Artus Van Briggle settled in Colorado Springs in 1899 after establishing himself as a notable artist with the Rookwood Pottery of Ohio. With Anne Louise (née Gregory), his new wife, Artus began exploring the Art Nouveau style in their pottery creations, drawing awards and accolades from the American and European art communities. Although he was a talented painter who had displayed and won awards in Europe, from 1899 until his death Artus devoted himself almost exclusively to the craft and art of pottery. Van Briggle's Art Nouveau designs and distinctive matte glazes were awarded high honors from prestigious sources, including the Paris Salon, the Saint Louis Exposition, the Lewis and Clark Centennial Exposition, and the American Arts and Crafts Exhibition in Boston.

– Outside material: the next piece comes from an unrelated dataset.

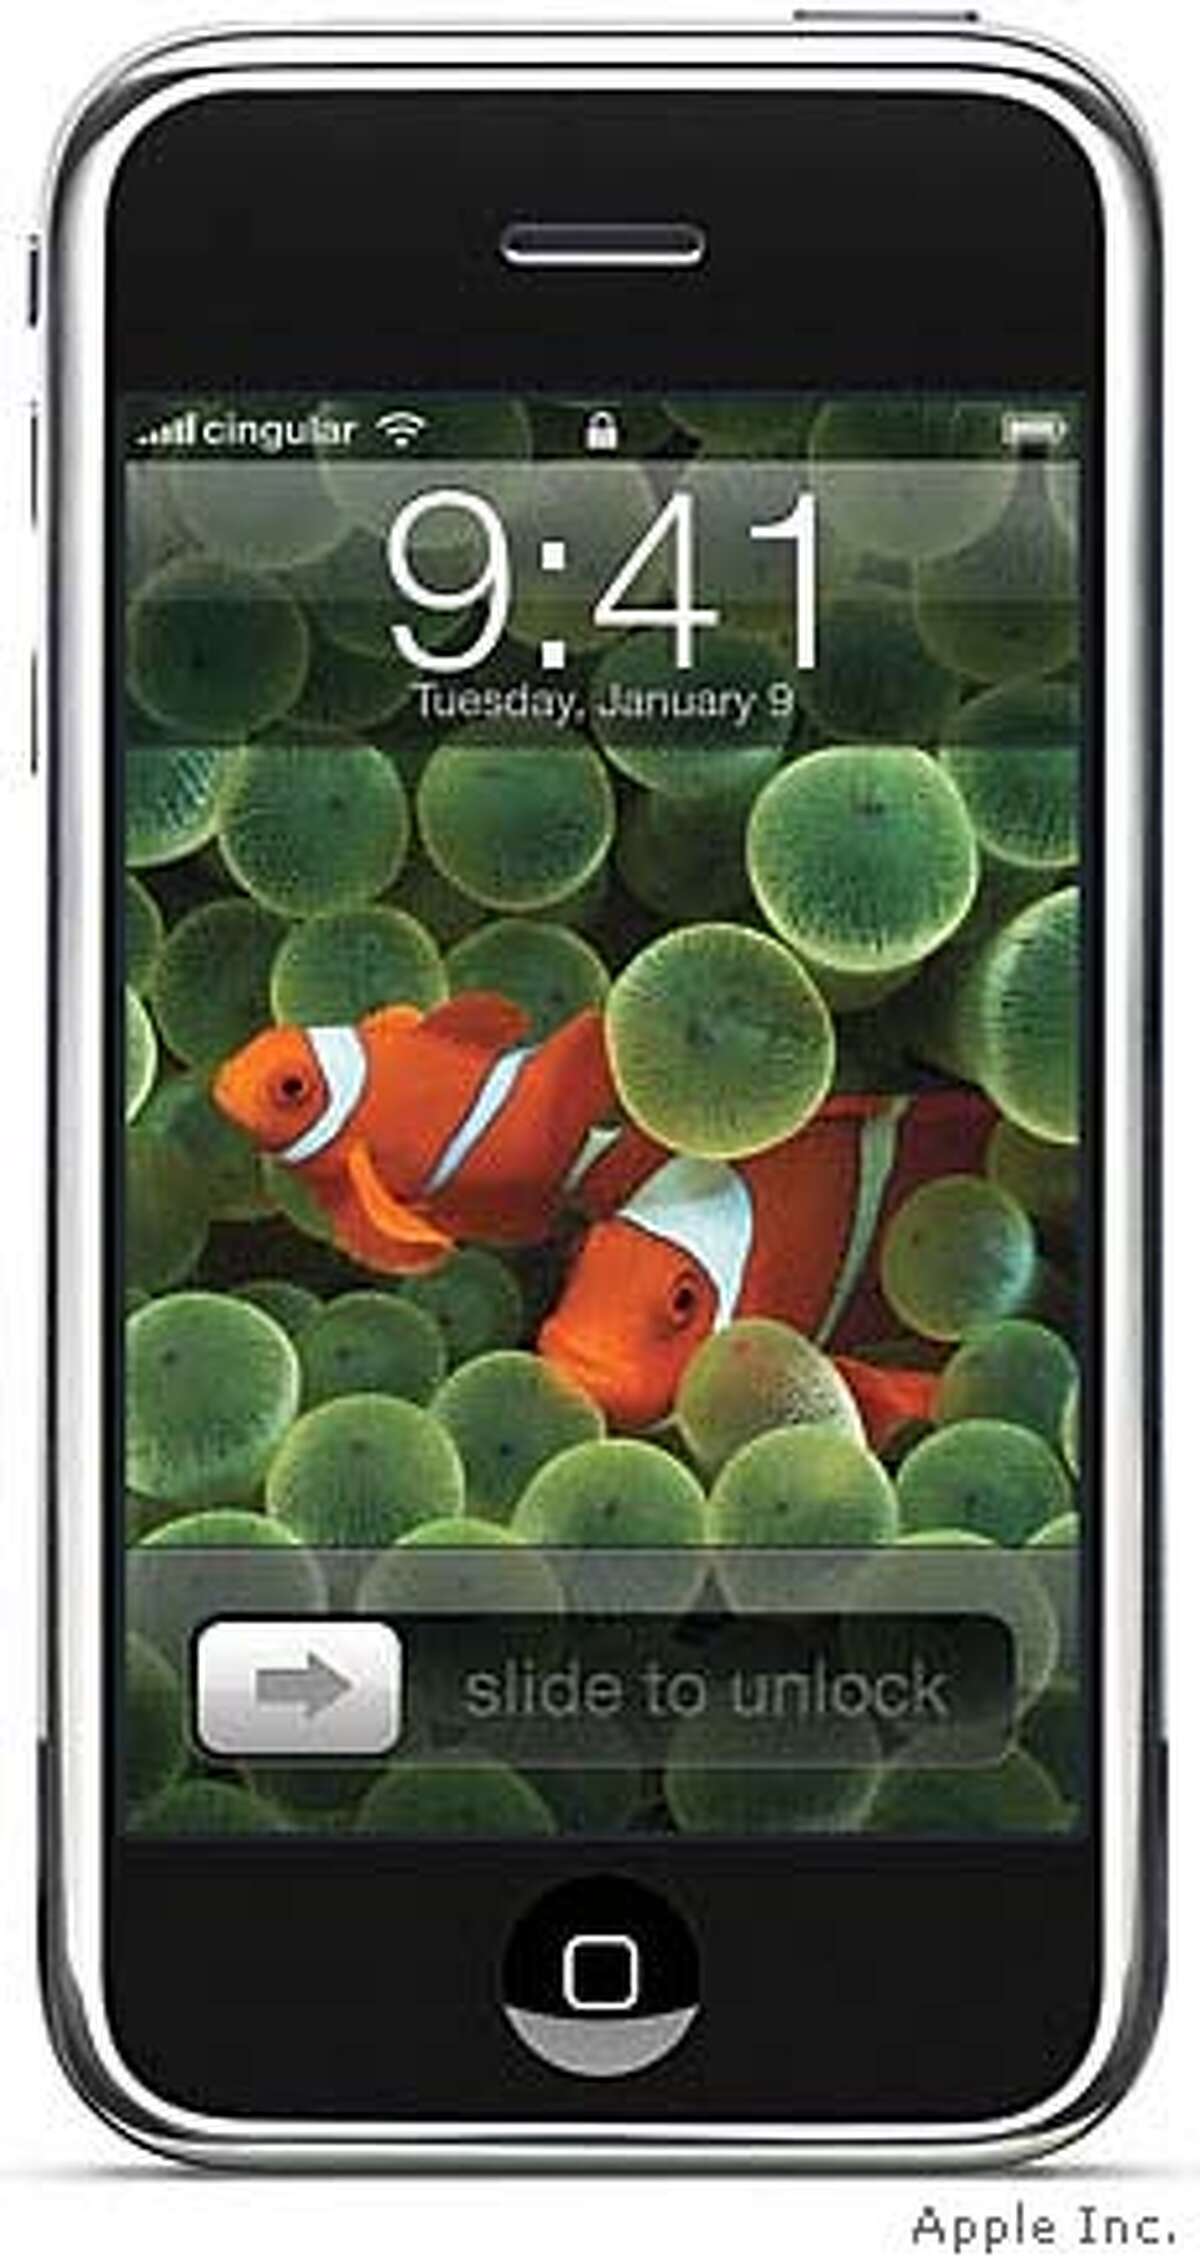 The iPhone is a combination widescreen iPod, cell phone and Web browser. Photo courtesy of Apple Inc.

The Van Briggle Pottery Studio closed in spring 2012.

==History==

===Early artistic career and studies===

Artus Van Briggle in 1900.

Born to artistic parents on March 21, 1869, Artus Van Briggle had an early introduction to painting using materials found about the home. The Van Briggle family lived in Ohio, one of America's hotbeds of ceramic design. At the age of 17 he moved to Cincinnati, Ohio, where he decorated china dolls at the Arnold Fairyland Doll Store, while attending his early art studies at the Cincinnati Art School. After a stint at the Avon Pottery where he was introduced to the ceramic arts, Artus took a job at Rookwood Pottery. There he excelled at hand-painting designs. His skill and talent were recognized by Rookwood founder, Maria Storer, who became his benefactor, even sending him to France to study art at the Académie Julian in Paris.

In Europe, he was exposed to styles of art and became infatuated with an early matte glaze from the Chinese Ming Dynasty; a type that was lost to history. Artus also met his future wife, fellow American student Anne Lawrence Gregory, an accomplished artist in her own right. Finishing their Paris studies in 1896, they returned to America. Artus resumed his work at Rookwood and also started sculpting and experimented with recreating the lost Ming Dynasty glazes.

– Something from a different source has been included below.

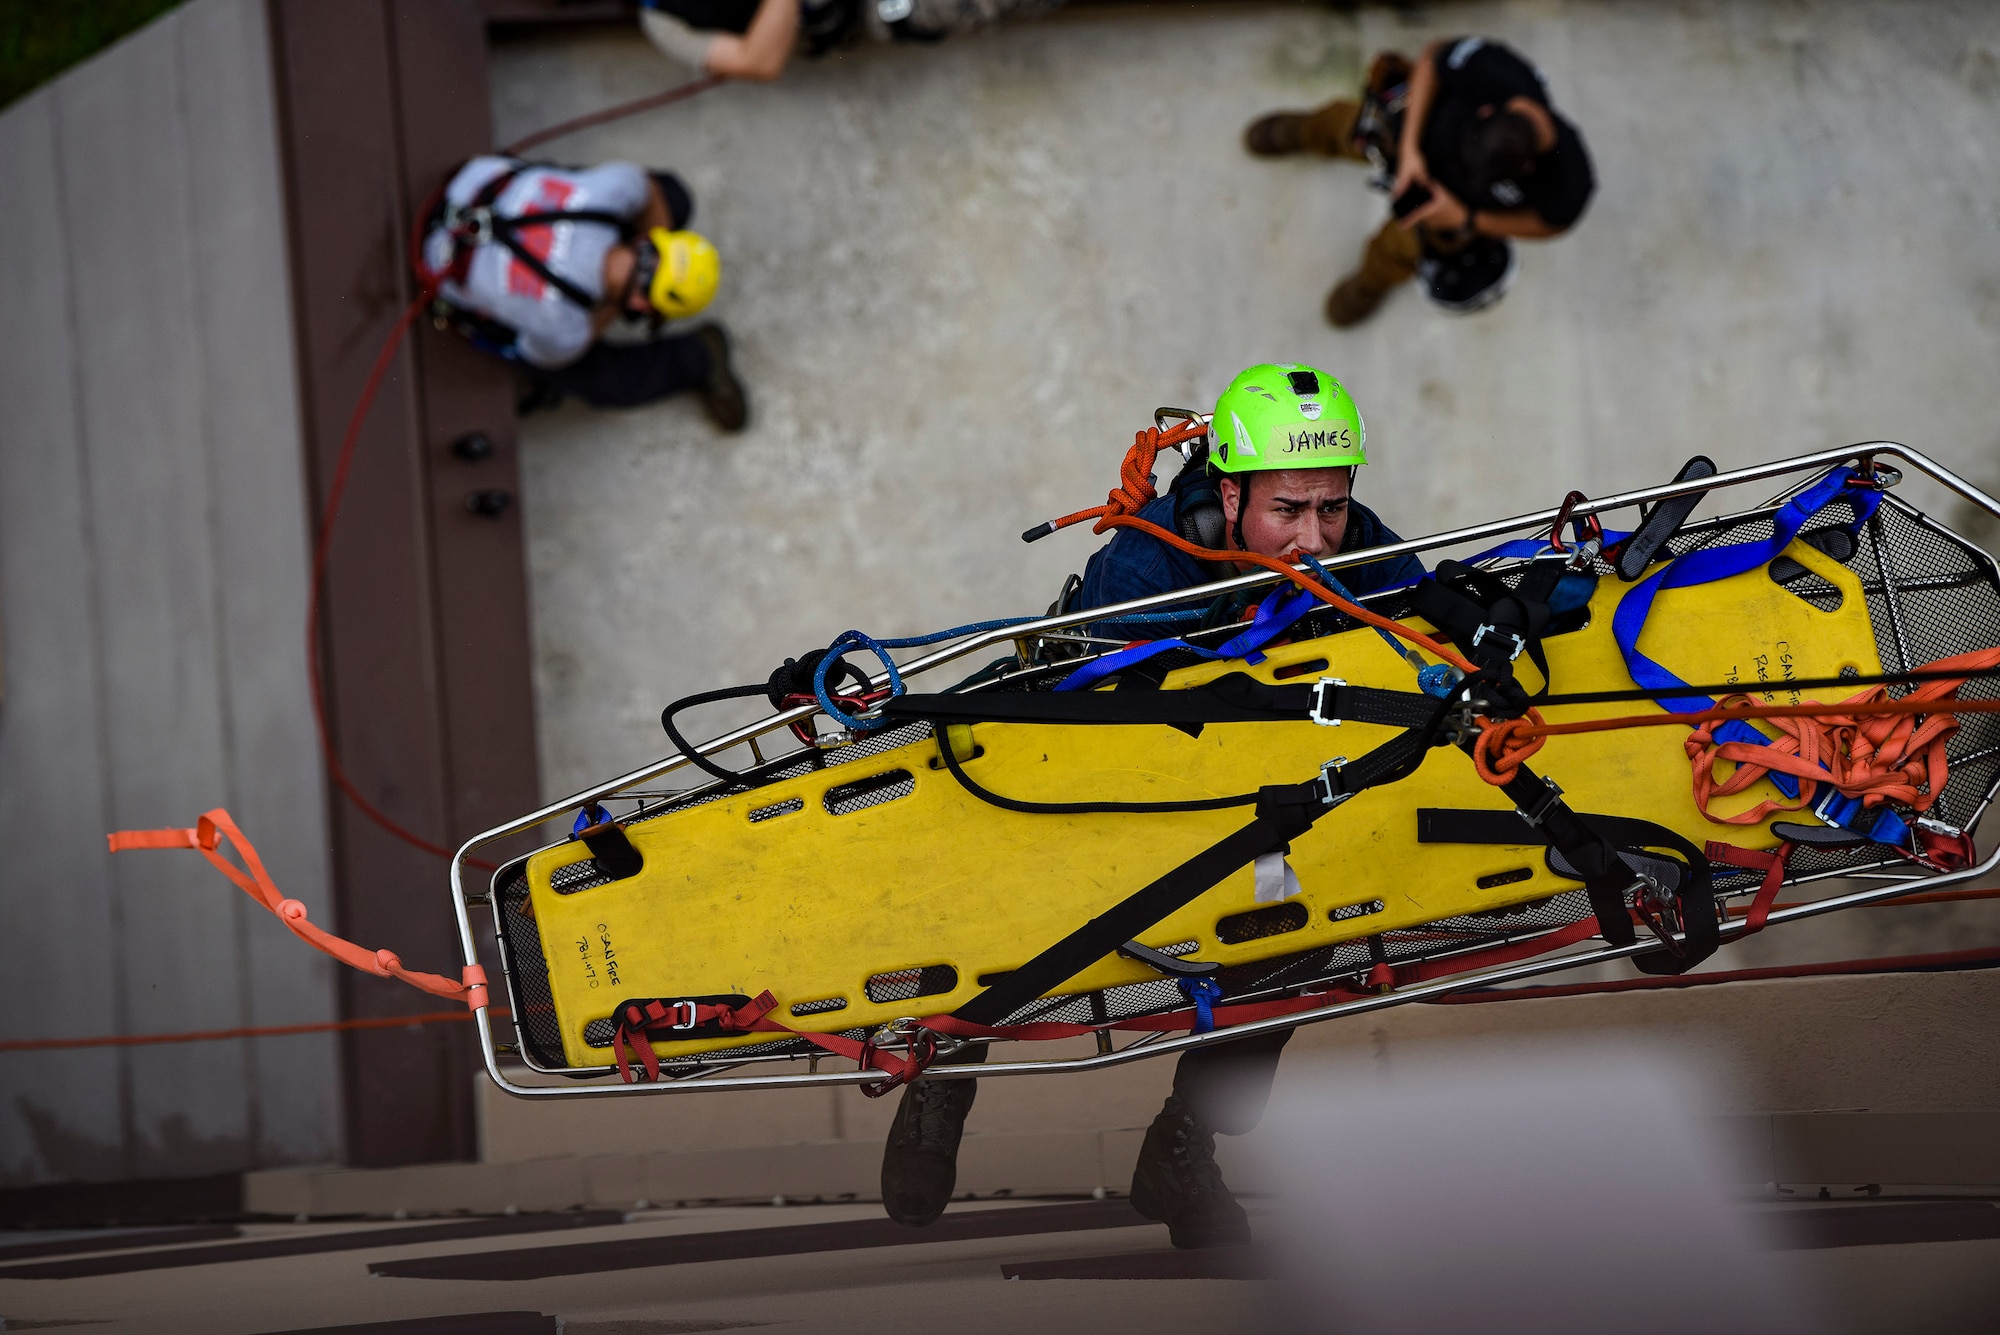 Senior Airman James Selph, 51st Civil Engineer Squadron firefighter, descends an eight-story building to perform a rescue scenario during a Department of Defense Rescue Technician course, Sept. 9, 2019, at Osan Air Base, Republic of Korea. Instructors from Andersen Air Force Base, Guam’s 554th RED HORSE Squadron trained and tested 10 Pacific Air Forces firefighters from three bases on high-risk, elevated and confined space rescue tactics. (U.S. Air Force photo by Staff Sgt. Greg Nash)

Matte blue glazed Despondency vase

===Perfecting the distinctive dull or matte glaze===
In 1899, struggling with health issues due to tuberculosis, Artus left Rookwood and moved to the drier air of Colorado Springs, Colorado. Upon befriending the Holmes family of Chico Basin, he stayed at the HOP Ranch during the summers of 1899, 1900, and 1901 to reduce work stress and regain strength while pursuing his own styles of pottery, centered around the Art Nouveau movement. He continued his research on the ancient matte glazes that fascinated him in Paris. After two years of trials and experiments a matte glaze was perfected. One of the matte glazes perfected by Artus was the matte blue glaze, based on an ancient Chinese process that had long been lost to history.

Artus opened Van Briggle Pottery in 1901 and was joined by Anne Gregory, who took a position as a high school art teacher in Colorado Springs. In 1903, Artus Van Briggle was appointed First Director of the Department of Art and Design in Colorado College, succeeding Louis Soutter, a Swiss artist (born in Geneva, Switzerland) he met in Paris in 1895.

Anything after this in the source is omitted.